I agree with @Marcono1234: we can escape \u2028 and \u2029 always. The point about Strictness applying to writes as well as reads is a good one, but for now it doesn't look as if there's any difference between DEFAULT and STRICT there. Nevertheless for consistency I think we should make it so jsonWriter.setLenient(b) is equivalent to jsonWriter.setStrictness(b ? LENIENT : DEFAULT) and so the lenient field is replaced by strictness.

I also agree that RFC 8259 is a better reference than the ECMA spec I linked to earlier. Only one small caveat: there is an erratum with a grammar that seems to suggest that / must be escaped in string literals, and that's clearly wrong.

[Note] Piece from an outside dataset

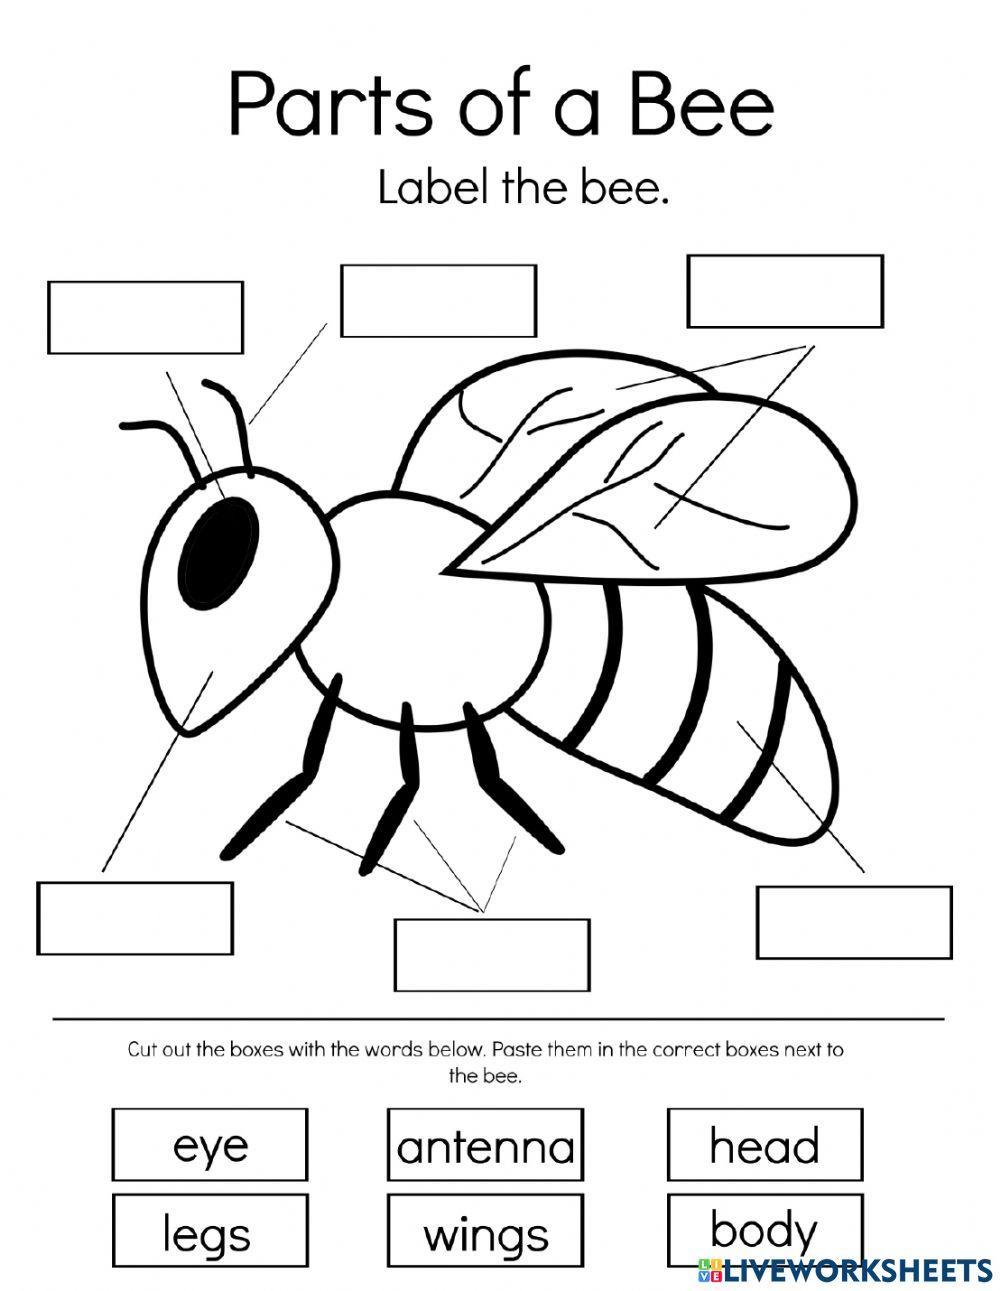 Label the honey bee

The remaining errata don't affect Gson as far as I can see.

I also found this excellent resource about tricky areas in JSON parsing, including an excellent set of tests.

Marcono1234 commented 1 year ago

Only one small caveat: there is an erratum with a grammar that seems to suggest that / must be escaped in string literals, and that's clearly wrong.

You mean the erratum itself is wrong, right? Because the current JSON grammar seems consistent with the text above of it, saying "the characters that MUST be escaped: quotation mark, reverse solidus, and the control characters". So to my understanding, / can be escaped, but does not have to be.

including an excellent set of tests

Out of curiosity I have locally adjusted that project to run with the latest Gson version from master and to run also in strict mode; below is the code and the results, in case someone is interested. Malformed UTF-8 tests don't really apply since Gson works based on a Reader and not an InputStream. Looks like Gson passes most of the tests, except for the cases we already identified earlier.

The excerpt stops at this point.